Don’t you just love how things are constantly wearing out? (Please note the dripping sarcasm.) Tonight while sitting on the ruined couch, I was doing a little furniture shopping online, balking at the prices I was seeing.  All of a sudden I heard my little girl crying in her room.  It’s funny how when my boys get hurt I seem to bellow things like, “If you’re not bleeding I don’t want to hear about it!” or “Toughen up, you’ll be fine!” yet when my little girl cries, I turn into a 220 pound freight train charging through the house to make sure she is ok.  As I looked in the room she looked up and said, “Daddy I got a bump on my head.”  As usual, I turned to mush, I tucked her back in her bed and gave her a kiss on her forehead.  We ended up talking about Christmas trees, princesses, and her big brothers.

I am amazed at what brings me the most joy can also be what frustrates me the most, like the daughter I adore who also destroys all my stuff.  I am also amazed how much time I can spend improving my “way of life,” knowing that everything I buy will eventually decay.  The reality is my stuff really hasn’t ever satisfied me.  What fills my heart with the most joy are my relationships with loved ones.  I guess that’s why when relationships go bad it hurts so much, and when they go right life seems so much better.
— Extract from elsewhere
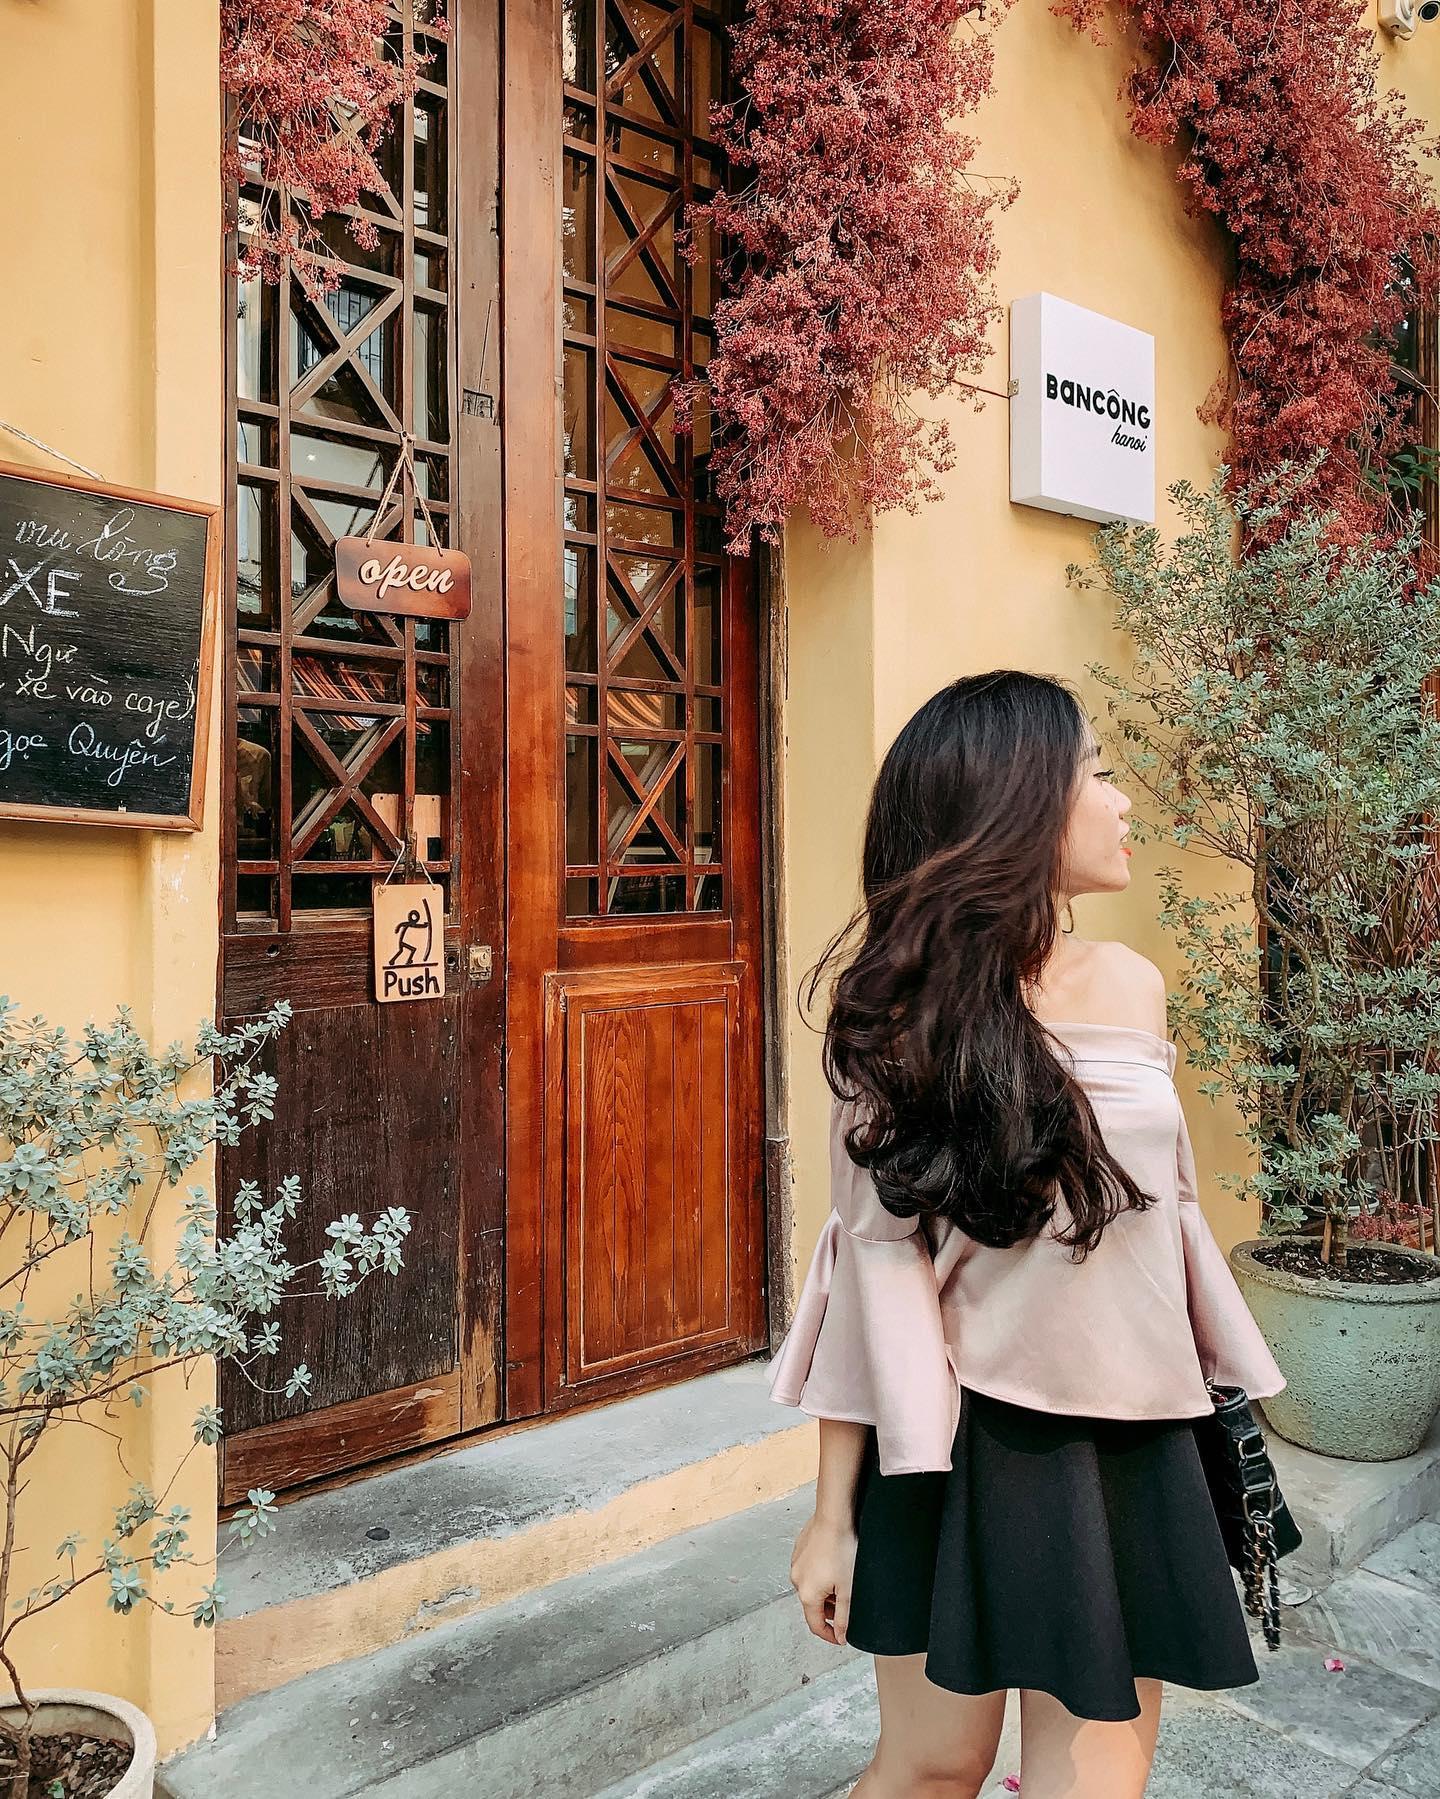 ha-noi-ban-cong-cafe-79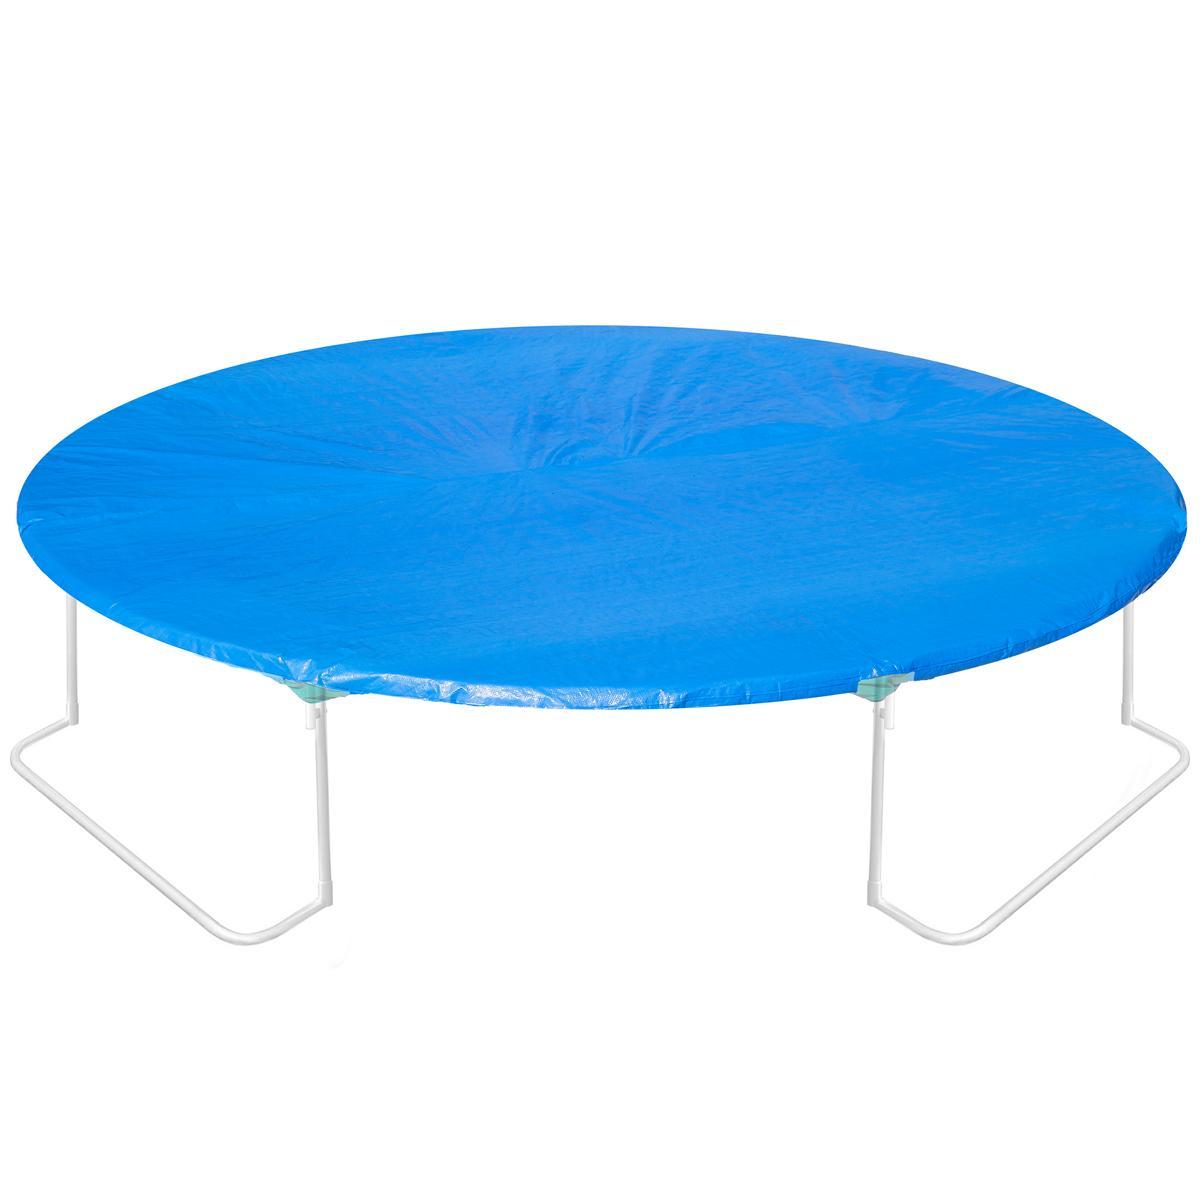 wetterschutzplane regenschutzplane f r trampoline 366 cm zubeh r f r gartentrampolin. Black Bedroom Furniture Sets. Home Design Ideas

There is no doubt we were formed for relationships.  One of the greatest passages in the entire Bible is Matthew 1:23, “Behold, the virgin shall conceive and bear a son, and they shall call his name Immanuel,” which means “God with us.”

Here tucked away in this ancient text we find a gift that gives more than money, power, prestige, or even new furniture ever could, a gift of a relationship. God sent His likeness so that we could know Him.  This holiday season remember what matters most … relationships.